╭─ The data
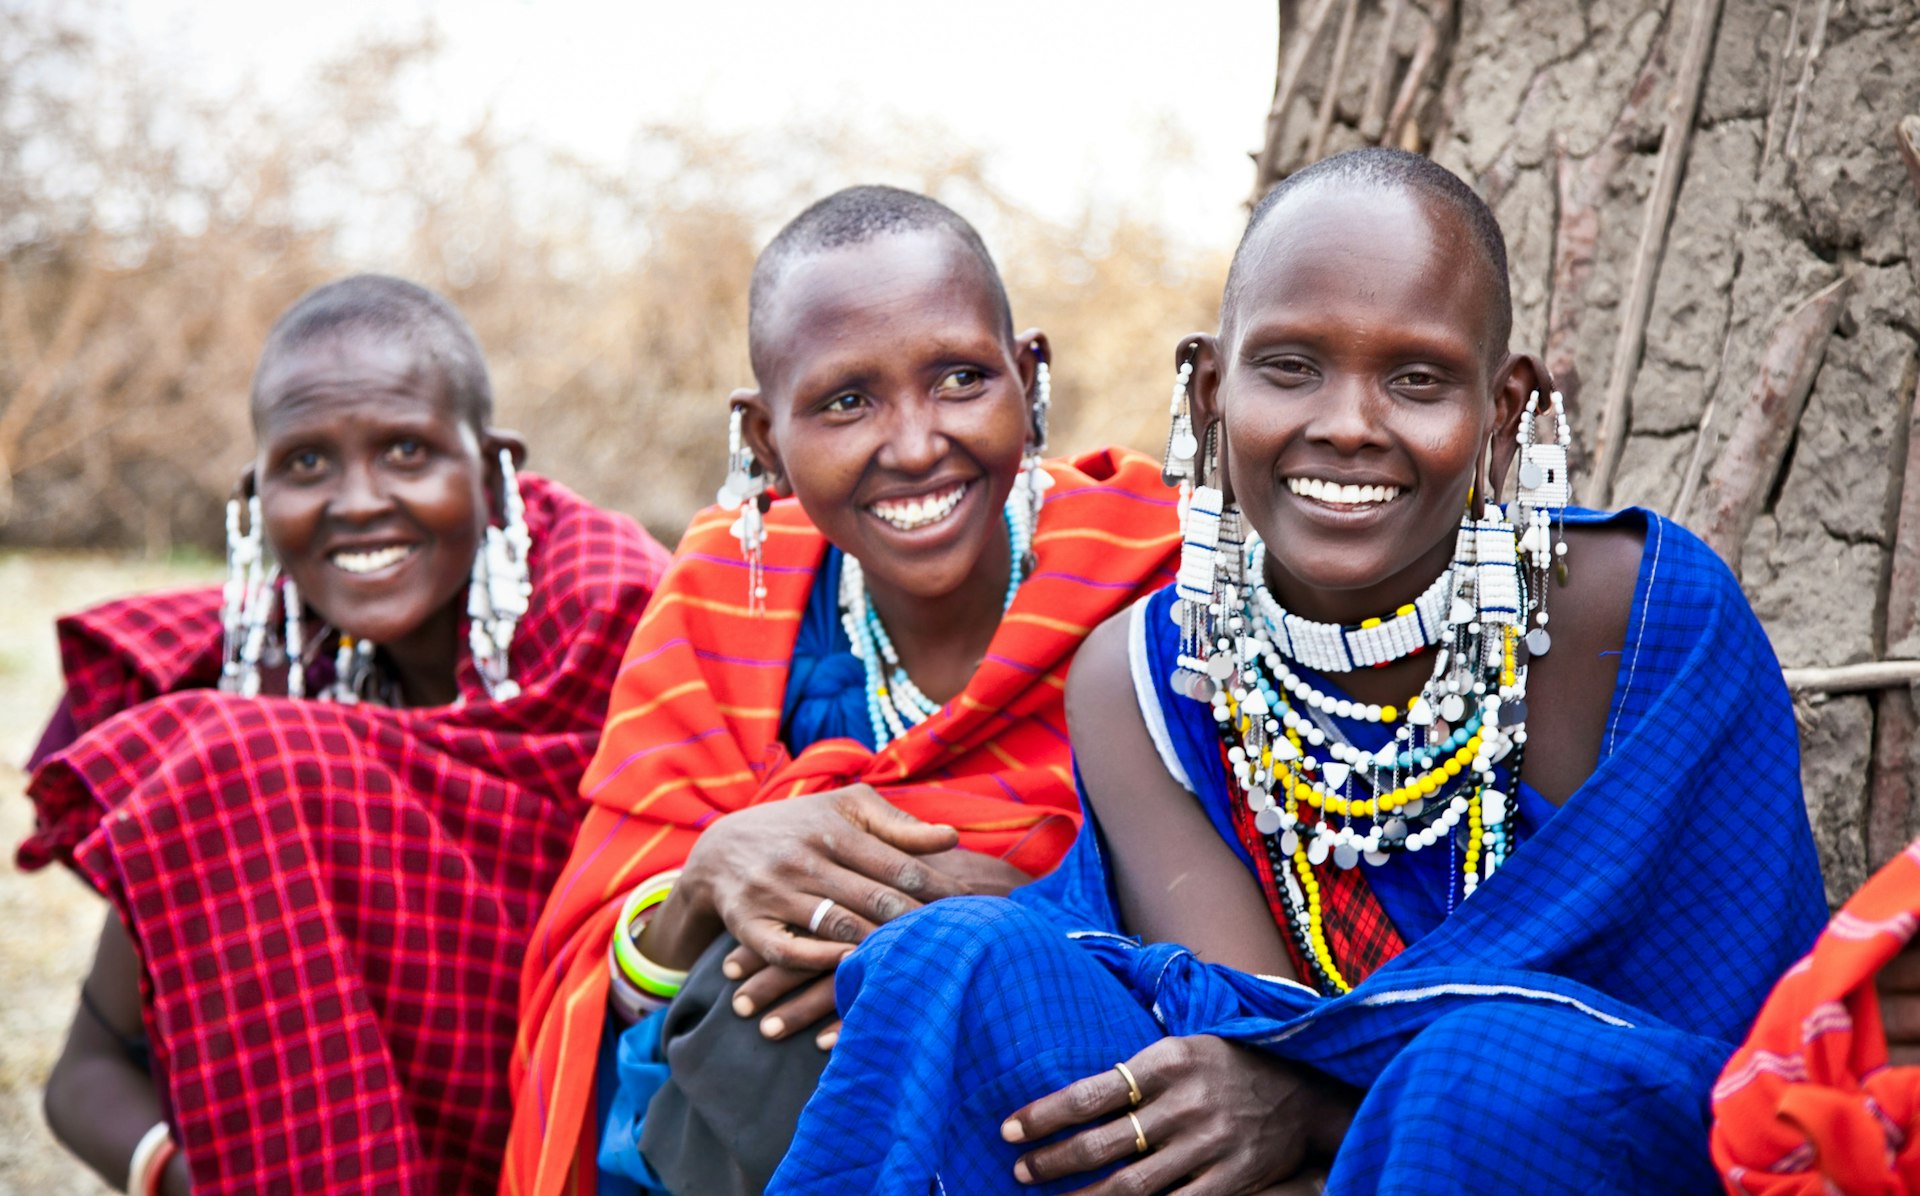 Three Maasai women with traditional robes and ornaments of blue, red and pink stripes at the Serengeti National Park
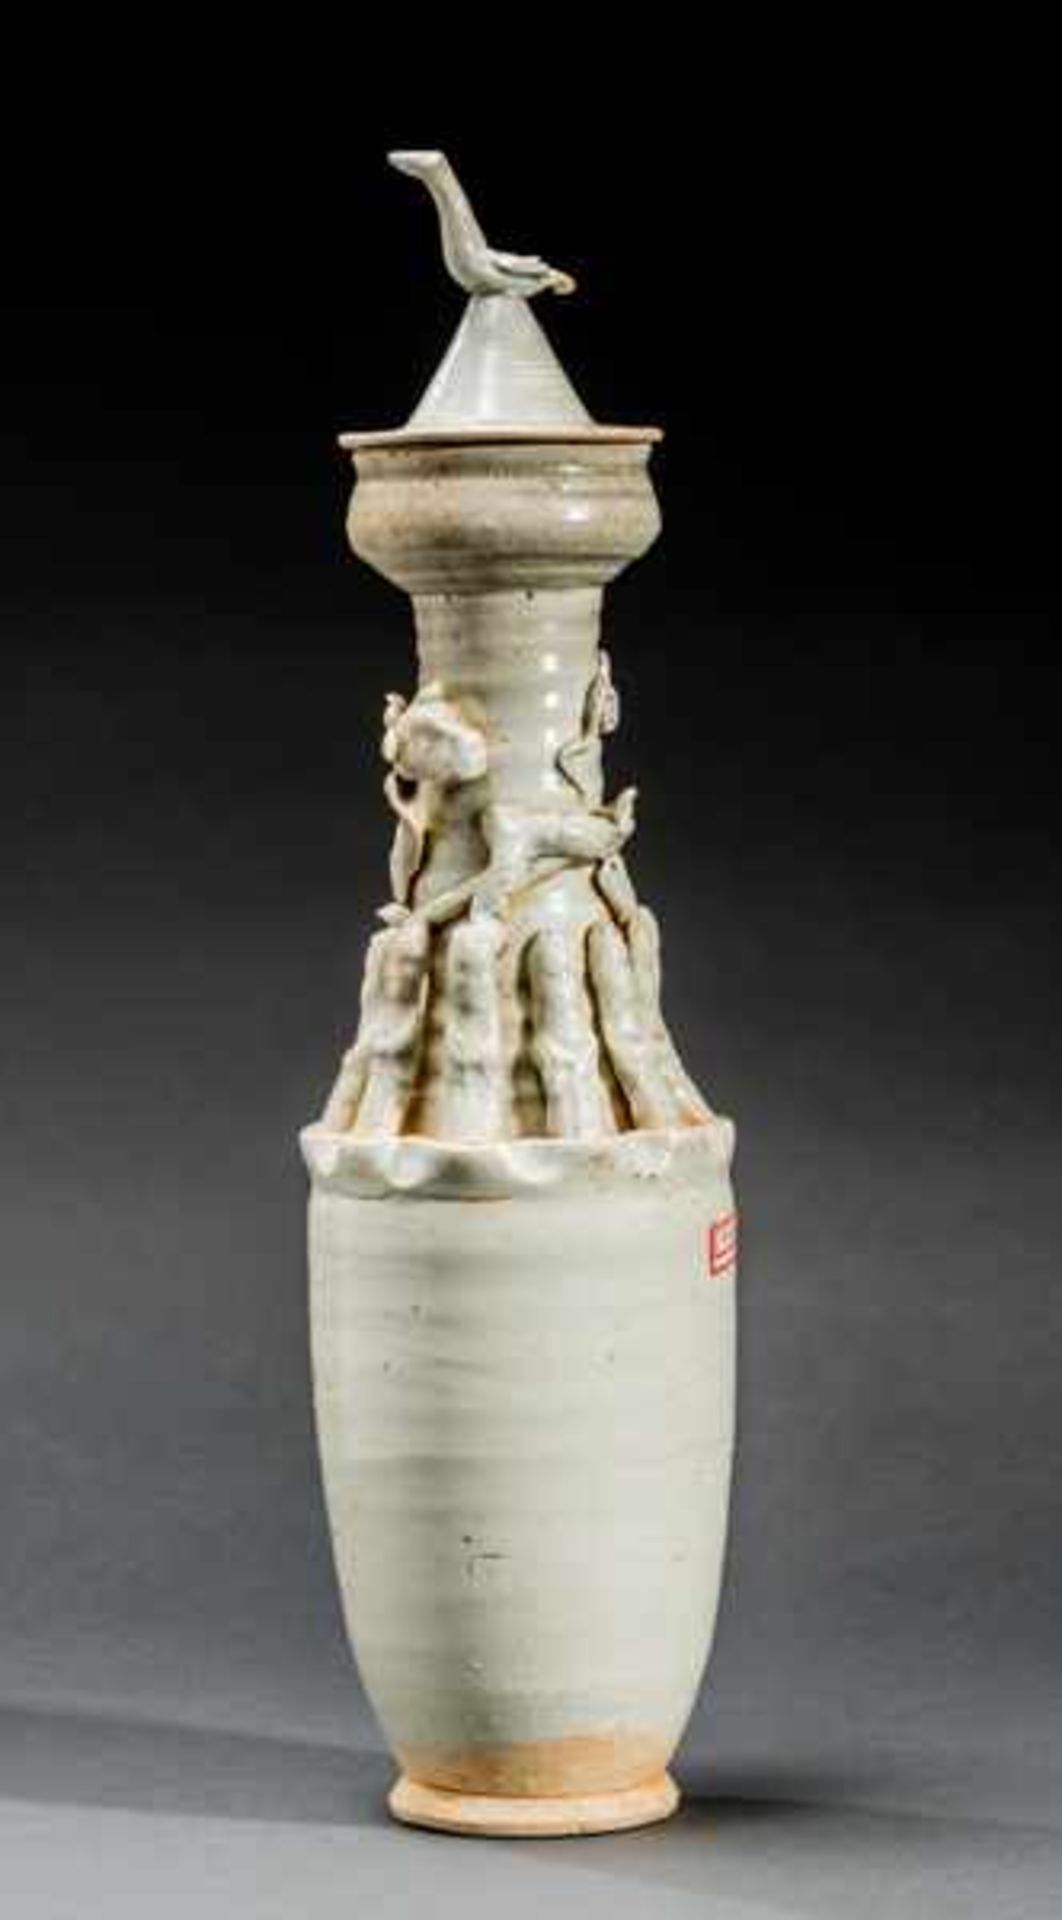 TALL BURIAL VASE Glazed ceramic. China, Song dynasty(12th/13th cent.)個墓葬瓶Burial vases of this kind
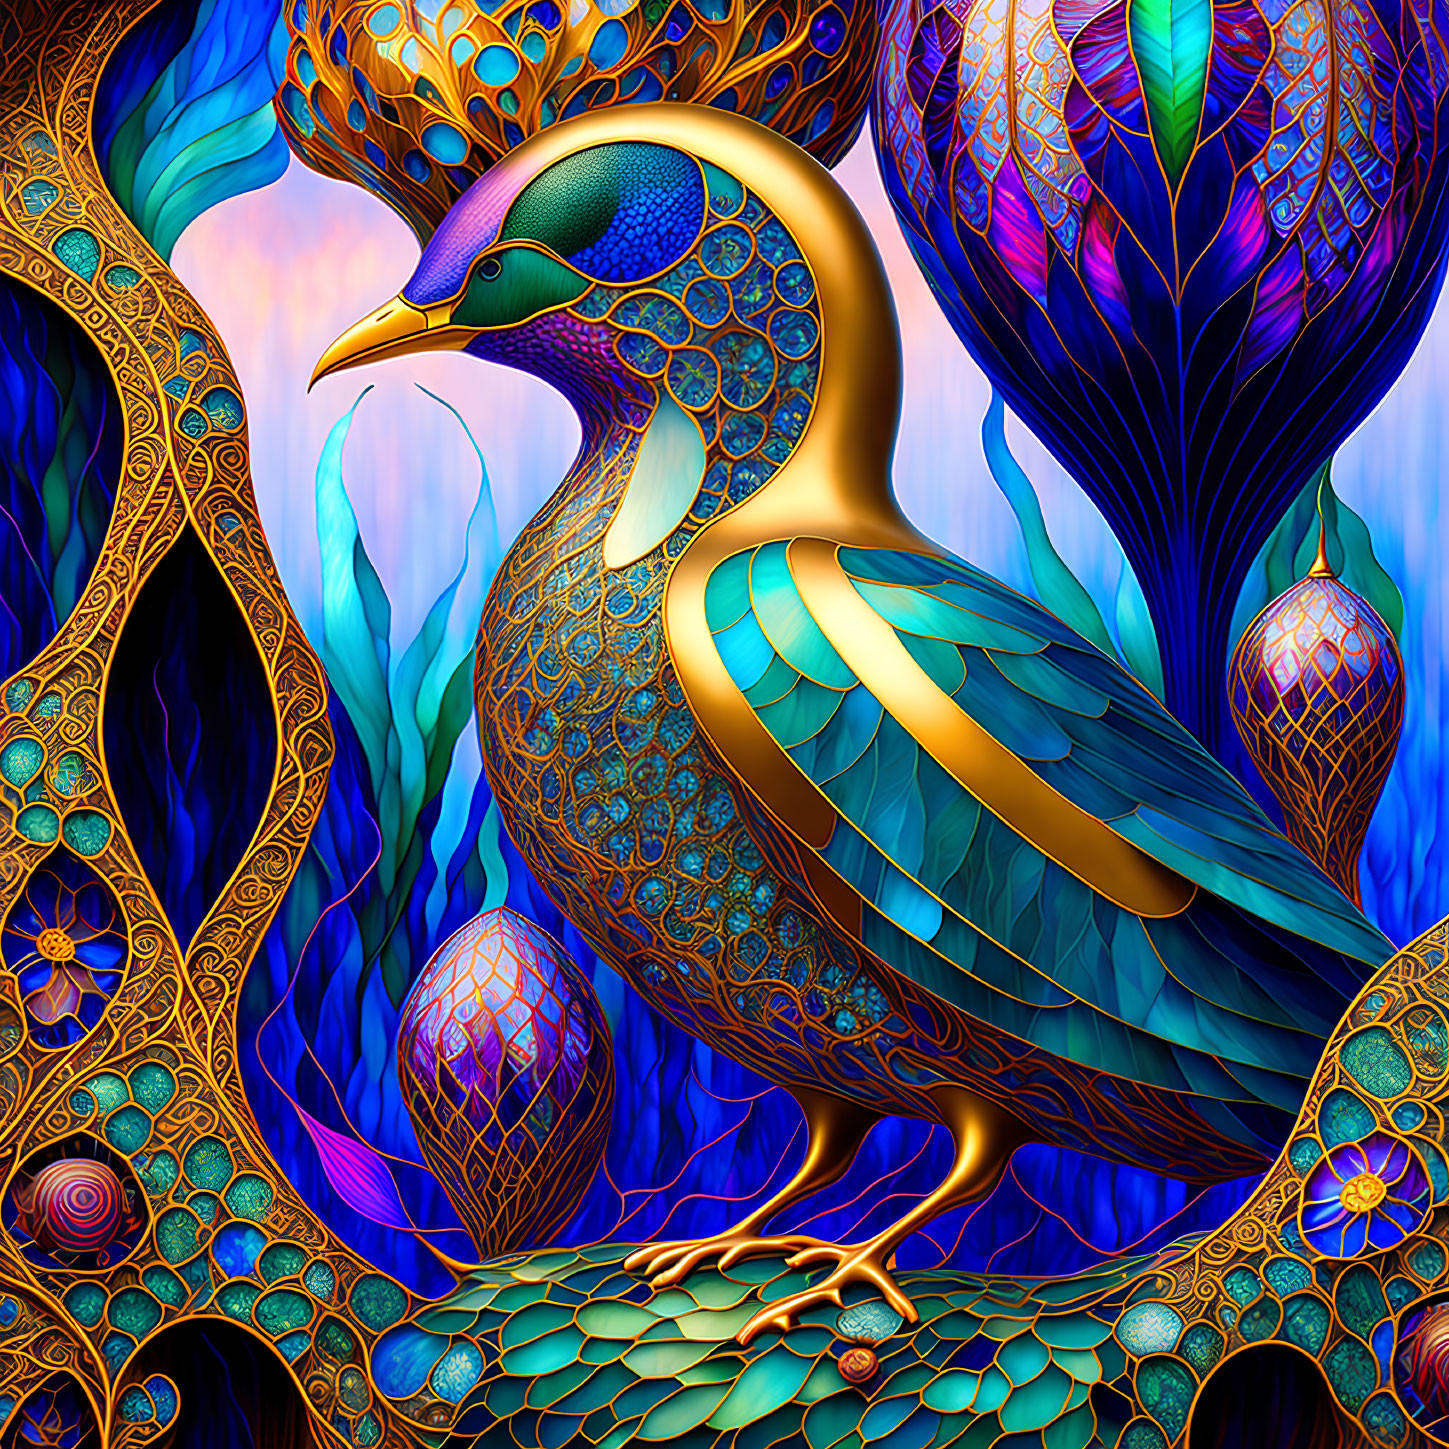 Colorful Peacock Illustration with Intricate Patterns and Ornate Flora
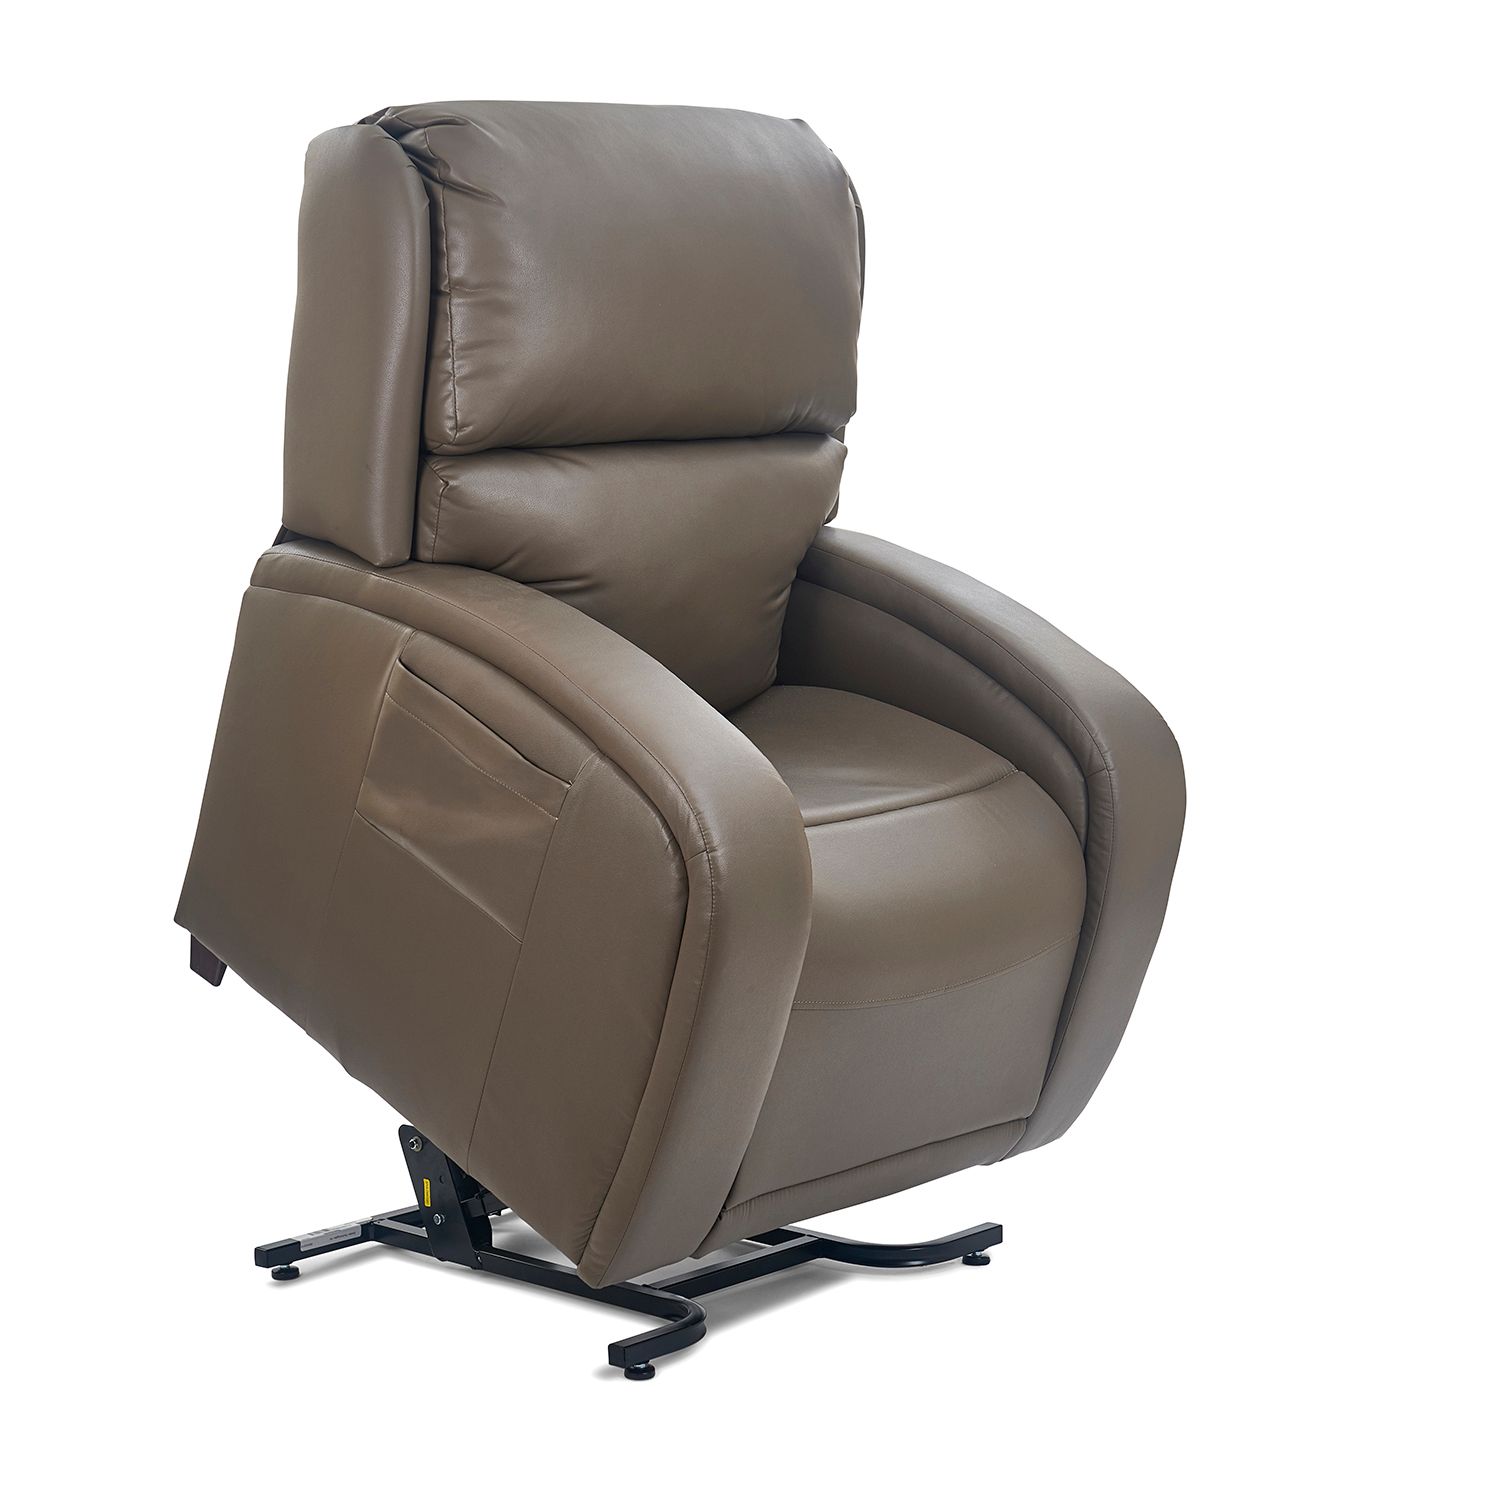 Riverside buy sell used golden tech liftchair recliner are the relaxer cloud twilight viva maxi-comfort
╰─
The material above is to be set down exactly, with pictures removed.

> _Answer section_
 Three Maasai women with traditional robes and ornaments of blue, red and pink stripes at the Serengeti National Park
 TALL BURIAL VASE Glazed ceramic. China, Song dynasty(12th/13th cent.)個墓葬瓶Burial vases of this kind
 Colorful Peacock Illustration with Intricate Patterns and Ornate Flora
 Riverside buy sell used golden tech liftchair recliner are the relaxer cloud twilight viva maxi-comfort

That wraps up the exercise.